Describe your first musical memory.

I made my mom take me to buy a 7-inch single of “Eye of the Tiger” which I had heard in Rocky when I was about five years old. I still like that tune to this day as it has an amazing energy that should get any listener pumped up for any occasion!

Describe your best musical memory to date.

I got to play cello on a John Zorn song that was arranged and produced by the Secret Chiefs 3/Trey Spruance called Hamaya on (Masada) Xaphan, Book of Angels vol. 9. It was a great honor since I had been a big fan of certain Zorn music for years. The kicker here is that I am not even really a cellist. I play contrabass which has similarities but cellists have much more melodic dexterity and therefore possess a different skill set that is not native to me. With some coaching from Trey he was able to coax a few takes out of me that sounded much better than I would have expected from a hack cellist like myself.
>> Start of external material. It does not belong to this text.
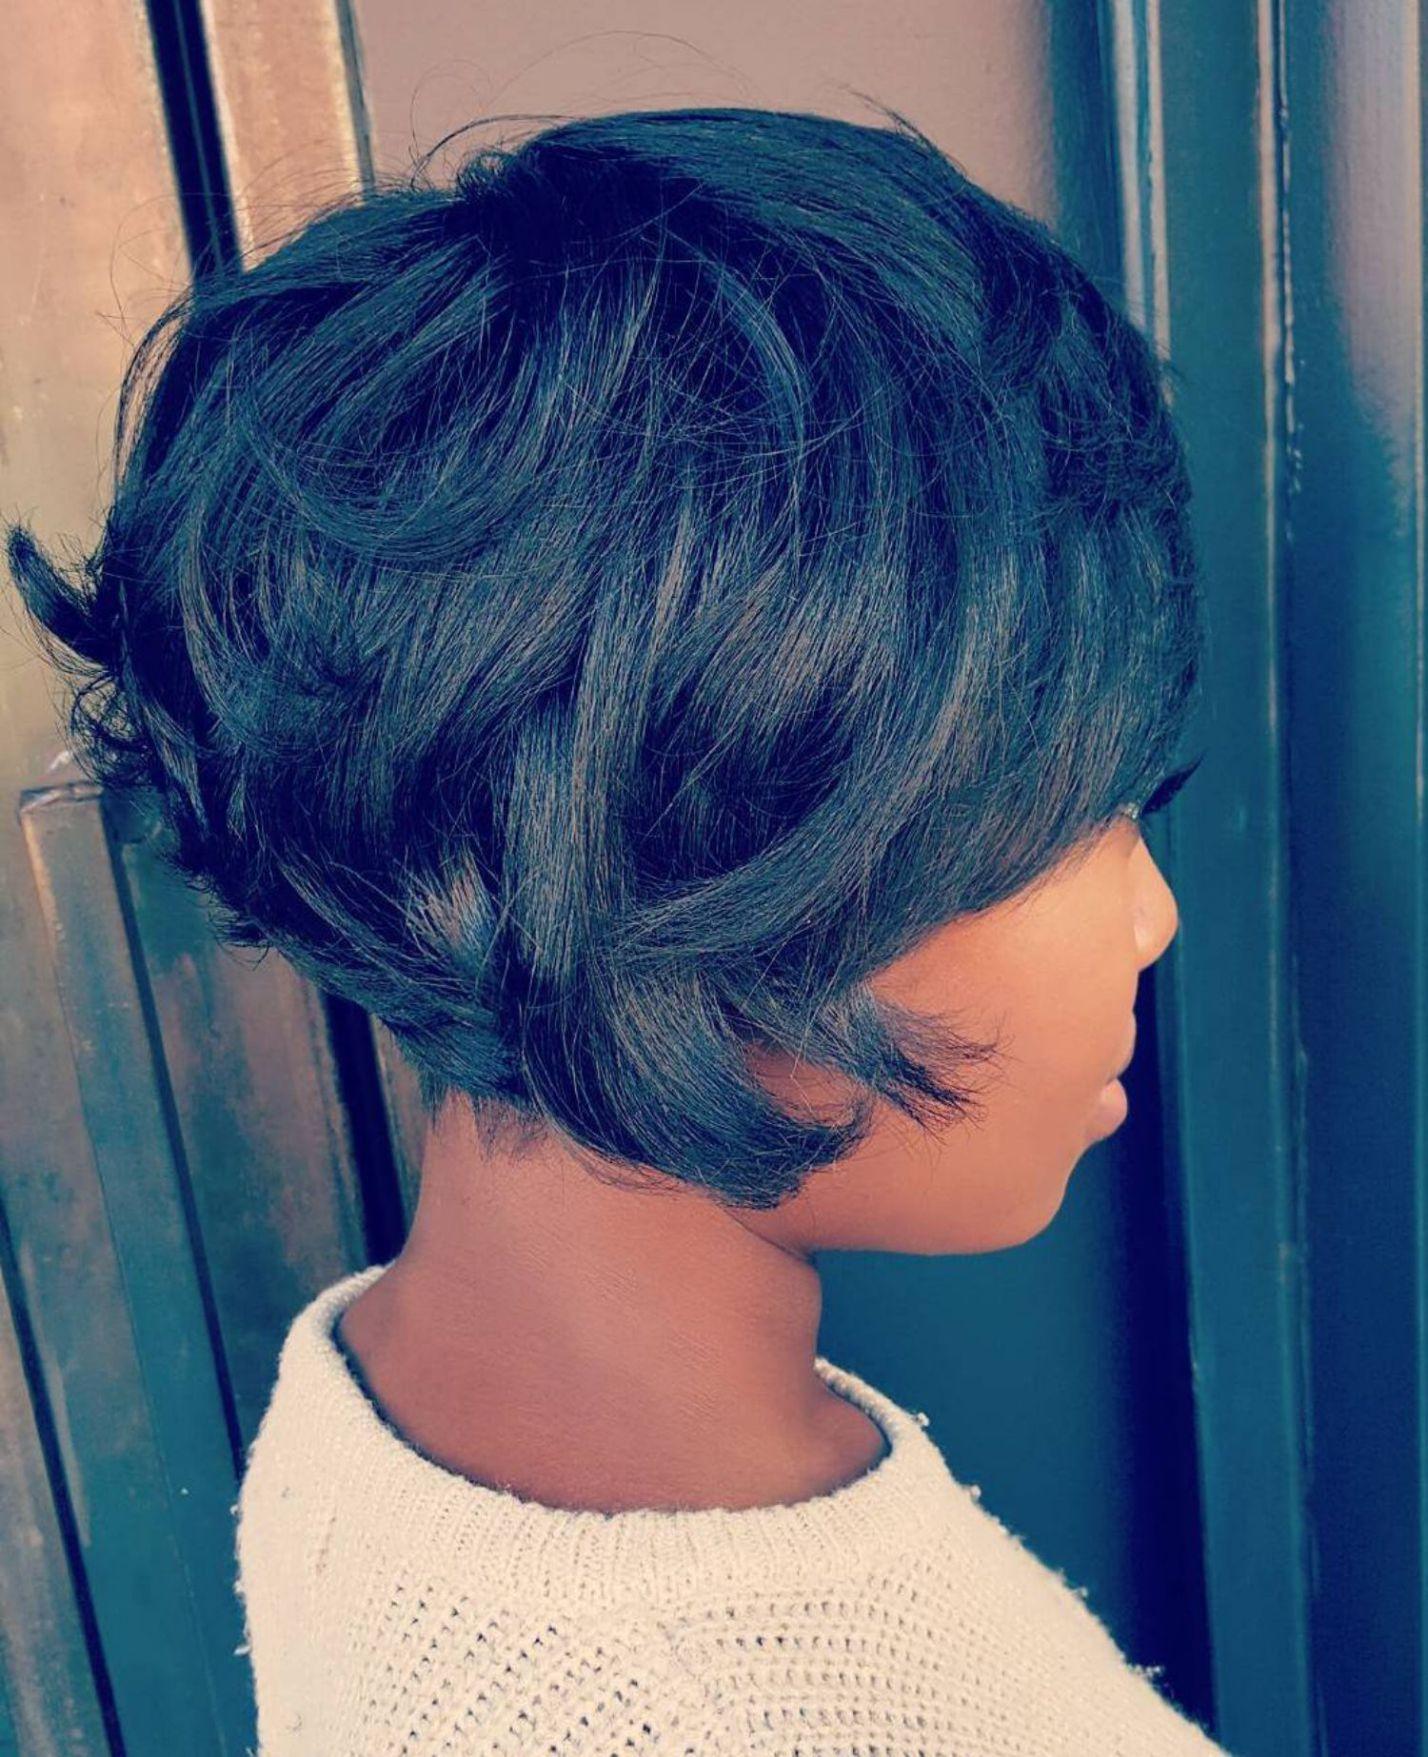 60 Great Short Hairstyles For Black Women Choppy Bob Hairstyles
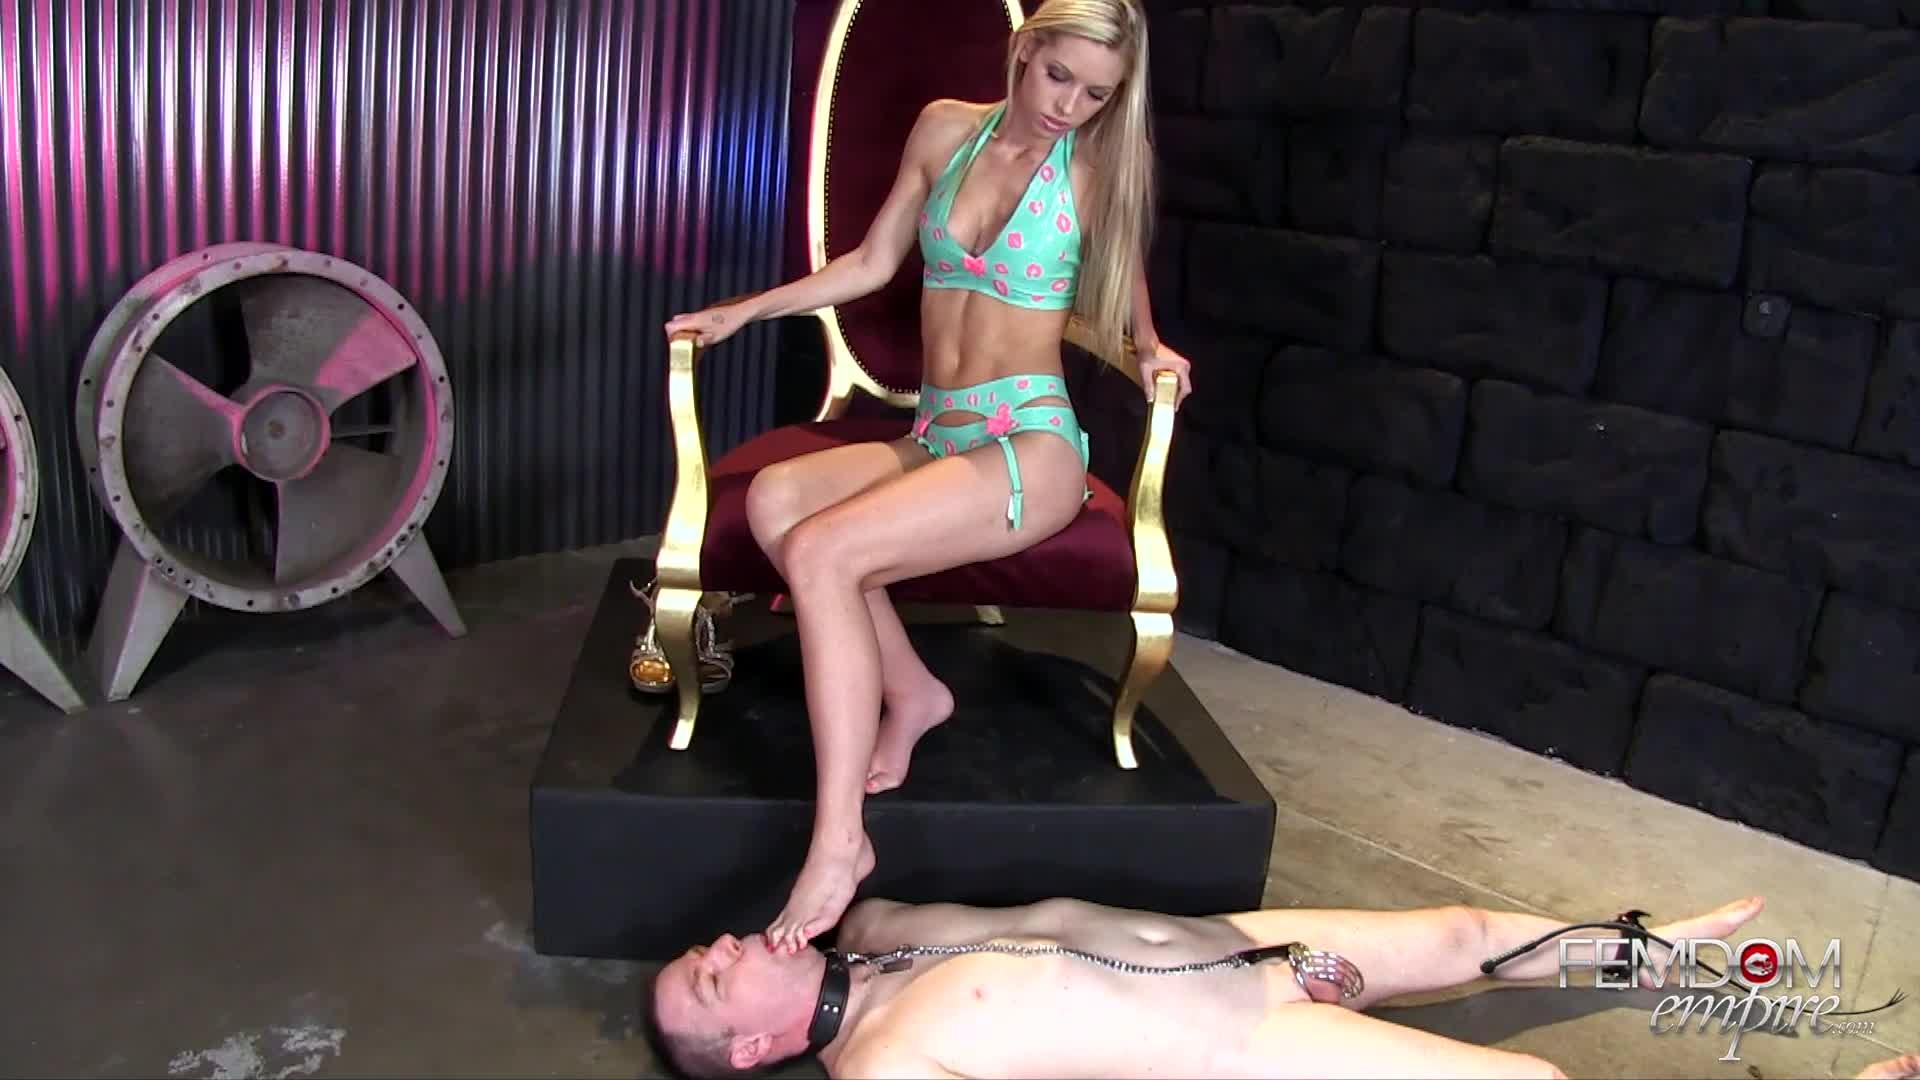 1446760841_femdomempire-brooke-logan-bitchy-princess-toes.jpg

I was surprised.

When was a time when a firmly held belief was tested?

Every day, but I am having trouble pinpointing specific examples.

Where do you feel artistic progression leads?

Hopefully towards truth and beauty but probably more often towards emotional release and a portrayal of the artists current state of being. Some art lifts us up towards that to which we aspire to, while others pull us back down by cinematically portraying the battles, roadblocks and adversity that routinely populate our paths. Both have their place.

How do you define success?

From an artistic standpoint success is when the result is better than what was planned. The artist worked hard but the subconscious elements (seeds) of the work took root and sprouted a life of their own as well.

As uncool as it is to talk about financial success, if you can’t make a living from your art you will have much less time to work on it which is the boat I currently find myself sailing in.

What is something you have seen that you wish you hadn’t?

Well I work as an ER nurse so you I will spare everyone the details!

Describe something you haven’t created yet that you’d like to create.

Music composition and recordings using all pure intervals (just intonation), which is much more difficult since western music uses a compromise of a tuning system (equal temperament). It is so much more beautiful and has an incredible resonance but is hard to pull off because many musicians do not know how to tune in such a way, and many instruments are incapable of it (fixed pitch instruments).

What do you believe is the most essential function of art?

To elevate the listener from the mire (lead) of their current state to a more transcendent state which they seek (gold).

Something non-musical that you’re looking forward to?

My 13 year-old daughter’s upcoming softball tournaments.